@alexharsanyi I’m giving your nice data-frame
package a try. Thanks for writing and kindly providing it to everyone.
(*) CSV reading and RFC 4180
I think the procedure df-read/csv
does not satisfy RFC 4180. It seems to the expect that every CSV record is one a line by itself — that is, it doesn’t allow a quoted newline. I got around that by using the csv-reading
package.
(*) Looking up in data frames, the need for sorting a series
I’m thinking I didn’t understand how to use df-lookup
. It demands a sorted series, right? But the library didn’t provide any sorting mechanism for the data frame. If I sort a series using sort
, how will the data frame know that I’ve changed rows out of order? The way I think of a data frame is just like a table — the fact that the data structure stores the data in columns just seems to me a matter of implementation. If I sort a column, I should sort all others too. I could get the data out of the data-frame, sort it properly and then place it back, but that tells me I probably didn’t get something.
@alexharsanyi has joined the channel
Wow. I clicked on the button “invite” the person, but didn’t know this would force-join the person right away. Sorry about this violent move! Didn’t mean to!

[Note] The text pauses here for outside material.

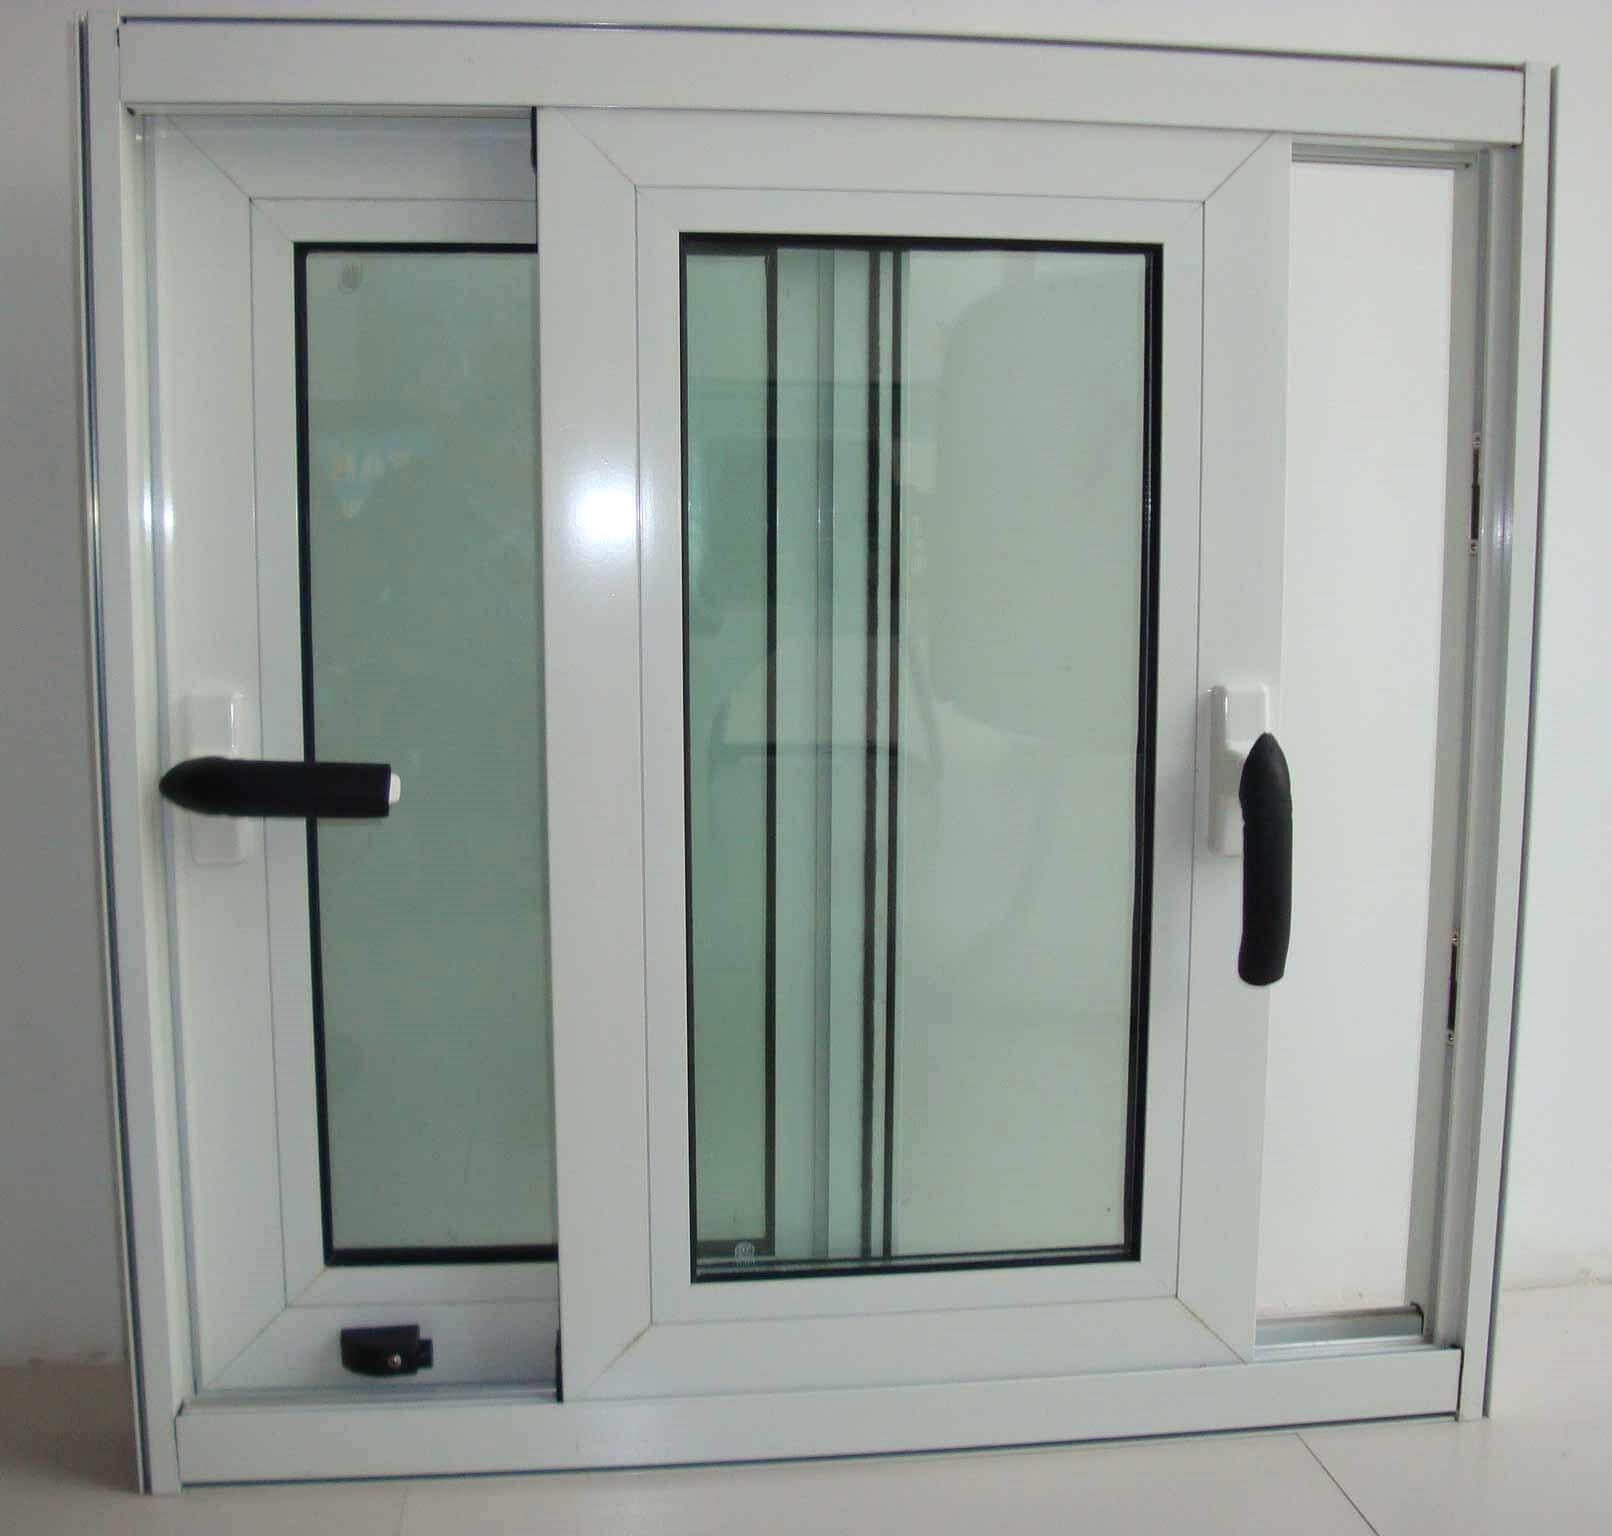 B n ficier d une parfaite isolation avec les fen tres for Reduire fenetre windows

The bot actually says it just invited the person. :slightly_smiling_face:
It is possible that df-read/csv
does not fully conform to RFC 4180 and to many other weird CSV variants out there — so far it has worked fine for the datasets I need, and I add features as I need them.
with regards to df-lookup
— the data series are expected to be already sorted, and the user just needs to tell the data frame object that a series is sorted using df-set-sorted!
, there are no facilities for sorting data, because the data sets I had to deal with were already sorted. For looking up rows based on unsorted series, you can use df-select
, or df-select*
with a #:filter
to select just the rows you are looking for (this will search the series in linear time).